Критик одного с ним поколения, чуть помладше, неоднократно говоривший Лёнчику, как высоко ценит его, написал, что Лёнчик специально организовал всю эту историю с очками, чтобы привлечь внимание к своей подборке в новом журнале. Удачливый прозаик из северных краев, тоже поколенчески близкий, только, наоборот, немного постарше, описал, словно подглядывал в некую щелку, вообще фантастическую сцену: будто бы Лёнчик подобрался к человеку с мегафоном, сбросил с себя очки на пол и принялся их топтать ногами, а потом, призвав милиционера, стал ему показывать очки как разбитые «Памятью». «Очки, очки, очки» повторялось кругом на все лады, в каждой информации, в каждом интервью, в каждой статье. Об ударе кастетом никто даже не поминал. Похоже, сочетание «разбитые очки» создавало в воображении картину чего-то феерически яркого, «кастет» же, чтобы претендовать на подобное, требовал не просто шишки на виске, а крови.
Спустя месяц Лёнчик достал из почтового ящика открытку, отправленную с Главпочтамта. Содержание открытки было такое, что он даже не понес ее в дом, а разорвал тут же на лестнице и выбросил в мусоропровод. Открытки потом приходили еще несколько раз, всякий раз все так же с Главпочтамта, и во всех одинаково ему обещали сделать секир-башка. Пару раз позвонили с угрозами и по телефону. Из-за шума, поднятого прессой, городская прокуратура открыла против «Памяти» уголовное дело, в один прекрасный день Лёнчик достал все из того же почтового ящика повестку с предписанием явиться на допрос. Утаить от жены визит к следователю не получилось. И неожиданным образом рассказ о том, как сходил к следователю, стал водоразделом в их отношениях. Жена слушала его, и по мере того, как рассказ его продвигался к концу, выражение ее лица становилось все более презрительным и высокомерным. «Дурак, — с интонацией этого презрительного высокомерия сказала она, когда он закончил. — Вот теперь я точно знаю, убедилась в том окончательно: дурак. Это у тебя какой шанс был себя раскрутить! Ничего не использовал, дурак. Другие на тебе имена себе делали, а ты…» Лёнчик смотрел на нее, и в нем была предельная, последняя ясность: она ему больше не жена.
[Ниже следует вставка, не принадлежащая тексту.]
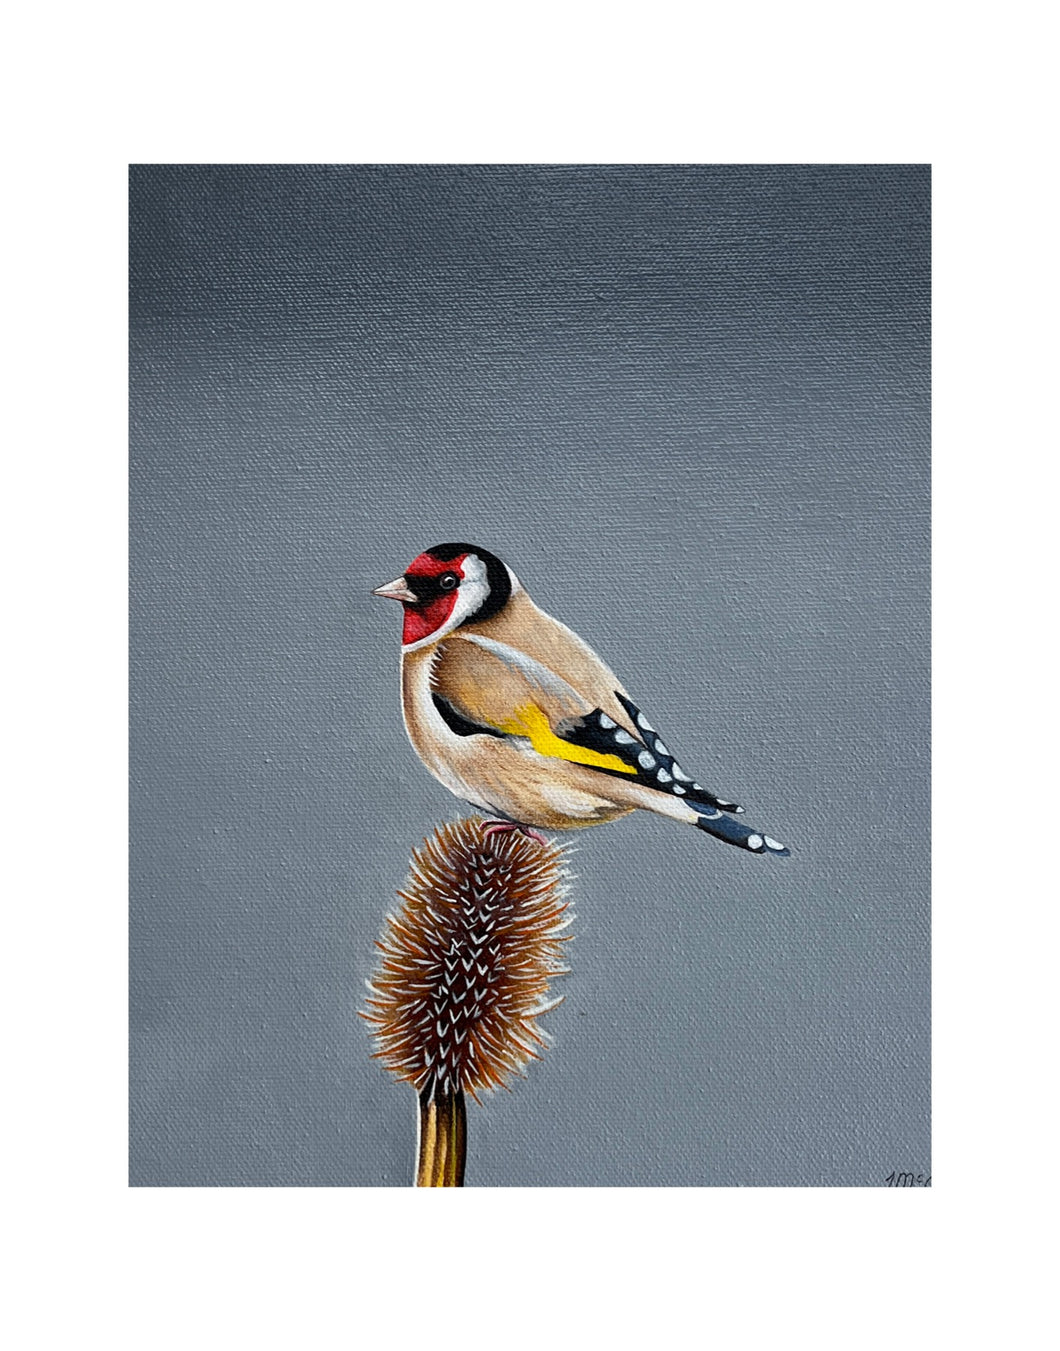 Goldfinch resting on a teasel

По результатам следствия к суду привлекли одного человека — того лысо-седоголового, что сидел в амфитеатре с мегафоном. Спустя несколько месяцев после приговора, когда отсидел в колонии уже чуть ли не половину срока, его обнаружили в раздевалке повешенным. Было это самоубийство или наказание той могущественной силы, которая использовала его в своей таинственной злой игре, за некую оплошку? Так оно и осталось загадкой. Примерно в это же время Тараскин позвонил Лёнчику с радостным известием, что нашлись деньги на издание книги о происшествии в ЦДЛ, нужно срочно писать, другие уже заряжены, пишут, через месяц — рукописи редактору на стол и в набор. «Какая книга, ты что», — изумился Лёнчик. «Ты что, не хочешь? — изумился, в свою очередь, Тараскин. — Они же тебя чуть не убили!» Его дела шли в гору, он был нарасхват, не было издательства, где бы его сейчас не издавали. «Человек в могиле, за все заплатил, какие воспоминания», — сказал Лёнчик. Тараскин возмутился. «При чем здесь „в могиле“, — заорал он в трубке. — Это борьба! За наше будущее! Наших детей! Ты от борьбы увиливаешь?»